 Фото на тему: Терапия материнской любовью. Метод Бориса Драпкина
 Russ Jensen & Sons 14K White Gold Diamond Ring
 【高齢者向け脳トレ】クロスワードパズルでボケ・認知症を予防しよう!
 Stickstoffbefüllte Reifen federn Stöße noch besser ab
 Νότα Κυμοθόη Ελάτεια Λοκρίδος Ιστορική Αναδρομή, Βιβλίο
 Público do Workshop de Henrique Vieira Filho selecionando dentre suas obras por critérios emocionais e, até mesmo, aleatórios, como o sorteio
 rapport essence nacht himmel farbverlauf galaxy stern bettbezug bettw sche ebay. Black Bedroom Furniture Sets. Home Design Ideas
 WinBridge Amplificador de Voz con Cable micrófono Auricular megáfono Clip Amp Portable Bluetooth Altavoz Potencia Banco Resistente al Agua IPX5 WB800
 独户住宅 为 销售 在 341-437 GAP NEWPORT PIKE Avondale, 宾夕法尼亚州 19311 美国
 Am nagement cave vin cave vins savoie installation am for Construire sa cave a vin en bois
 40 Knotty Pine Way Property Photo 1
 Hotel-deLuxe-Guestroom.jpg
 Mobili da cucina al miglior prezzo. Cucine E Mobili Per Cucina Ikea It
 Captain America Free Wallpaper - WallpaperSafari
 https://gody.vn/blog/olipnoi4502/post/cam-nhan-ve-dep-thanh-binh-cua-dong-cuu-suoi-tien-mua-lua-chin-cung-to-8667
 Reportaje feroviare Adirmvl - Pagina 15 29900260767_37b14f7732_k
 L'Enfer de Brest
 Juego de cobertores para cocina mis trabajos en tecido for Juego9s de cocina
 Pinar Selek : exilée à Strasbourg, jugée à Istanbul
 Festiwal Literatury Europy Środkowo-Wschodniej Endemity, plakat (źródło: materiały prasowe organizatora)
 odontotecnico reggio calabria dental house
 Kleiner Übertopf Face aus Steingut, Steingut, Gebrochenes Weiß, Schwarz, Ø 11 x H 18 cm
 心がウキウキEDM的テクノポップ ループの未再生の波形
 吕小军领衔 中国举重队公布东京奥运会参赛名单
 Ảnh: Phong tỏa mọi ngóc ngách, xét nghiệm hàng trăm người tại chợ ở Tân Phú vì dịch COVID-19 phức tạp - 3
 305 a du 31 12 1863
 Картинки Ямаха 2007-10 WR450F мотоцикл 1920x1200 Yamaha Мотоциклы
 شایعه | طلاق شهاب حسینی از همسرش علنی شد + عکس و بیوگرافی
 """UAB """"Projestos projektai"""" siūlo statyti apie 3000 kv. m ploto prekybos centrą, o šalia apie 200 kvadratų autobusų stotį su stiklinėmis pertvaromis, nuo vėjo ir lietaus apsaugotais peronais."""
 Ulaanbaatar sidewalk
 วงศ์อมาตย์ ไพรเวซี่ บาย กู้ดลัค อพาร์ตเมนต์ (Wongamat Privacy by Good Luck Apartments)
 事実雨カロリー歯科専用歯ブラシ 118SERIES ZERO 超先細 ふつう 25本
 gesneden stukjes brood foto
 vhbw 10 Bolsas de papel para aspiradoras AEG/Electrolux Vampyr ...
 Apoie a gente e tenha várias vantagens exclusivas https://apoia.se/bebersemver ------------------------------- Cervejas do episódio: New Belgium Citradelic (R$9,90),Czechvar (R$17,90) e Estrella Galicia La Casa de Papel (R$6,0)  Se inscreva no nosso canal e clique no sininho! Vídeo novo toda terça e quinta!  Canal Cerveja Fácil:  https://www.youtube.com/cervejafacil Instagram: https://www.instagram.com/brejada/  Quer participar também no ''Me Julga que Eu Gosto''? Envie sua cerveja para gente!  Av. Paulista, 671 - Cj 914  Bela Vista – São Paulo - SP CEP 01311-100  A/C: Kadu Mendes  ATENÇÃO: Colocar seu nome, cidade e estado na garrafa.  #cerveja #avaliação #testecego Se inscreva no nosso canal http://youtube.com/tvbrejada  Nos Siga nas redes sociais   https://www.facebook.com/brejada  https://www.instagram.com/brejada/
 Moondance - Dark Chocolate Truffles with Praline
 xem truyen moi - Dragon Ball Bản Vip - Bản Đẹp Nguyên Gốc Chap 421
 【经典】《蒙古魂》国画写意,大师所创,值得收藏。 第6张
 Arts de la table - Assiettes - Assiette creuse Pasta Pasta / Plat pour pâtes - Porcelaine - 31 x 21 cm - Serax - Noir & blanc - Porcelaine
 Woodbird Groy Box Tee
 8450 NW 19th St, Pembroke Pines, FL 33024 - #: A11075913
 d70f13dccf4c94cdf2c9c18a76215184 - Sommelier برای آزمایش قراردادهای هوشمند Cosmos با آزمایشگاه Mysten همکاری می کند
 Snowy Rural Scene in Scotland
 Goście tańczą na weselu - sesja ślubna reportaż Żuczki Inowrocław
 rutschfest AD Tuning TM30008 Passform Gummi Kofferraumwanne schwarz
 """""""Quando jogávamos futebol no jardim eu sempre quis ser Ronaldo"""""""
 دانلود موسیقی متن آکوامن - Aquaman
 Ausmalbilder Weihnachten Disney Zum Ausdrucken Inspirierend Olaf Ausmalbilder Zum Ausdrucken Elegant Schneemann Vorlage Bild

- _ASSIGNMENT_: Go through the entries above and report every line in which the word "para" appears.

- _RESPONSE AREA_:
 Juego de cobertores para cocina mis trabajos en tecido for Juego9s de cocina
 vhbw 10 Bolsas de papel para aspiradoras AEG/Electrolux Vampyr ...
 Apoie a gente e tenha várias vantagens exclusivas https://apoia.se/bebersemver ------------------------------- Cervejas do episódio: New Belgium Citradelic (R$9,90),Czechvar (R$17,90) e Estrella Galicia La Casa de Papel (R$6,0)  Se inscreva no nosso canal e clique no sininho! Vídeo novo toda terça e quinta!  Canal Cerveja Fácil:  https://www.youtube.com/cervejafacil Instagram: https://www.instagram.com/brejada/  Quer participar também no ''Me Julga que Eu Gosto''? Envie sua cerveja para gente!  Av. Paulista, 671 - Cj 914  Bela Vista – São Paulo - SP CEP 01311-100  A/C: Kadu Mendes  ATENÇÃO: Colocar seu nome, cidade e estado na garrafa.  #cerveja #avaliação #testecego Se inscreva no nosso canal http://youtube.com/tvbrejada  Nos Siga nas redes sociais   https://www.facebook.com/brejada  https://www.instagram.com/brejada/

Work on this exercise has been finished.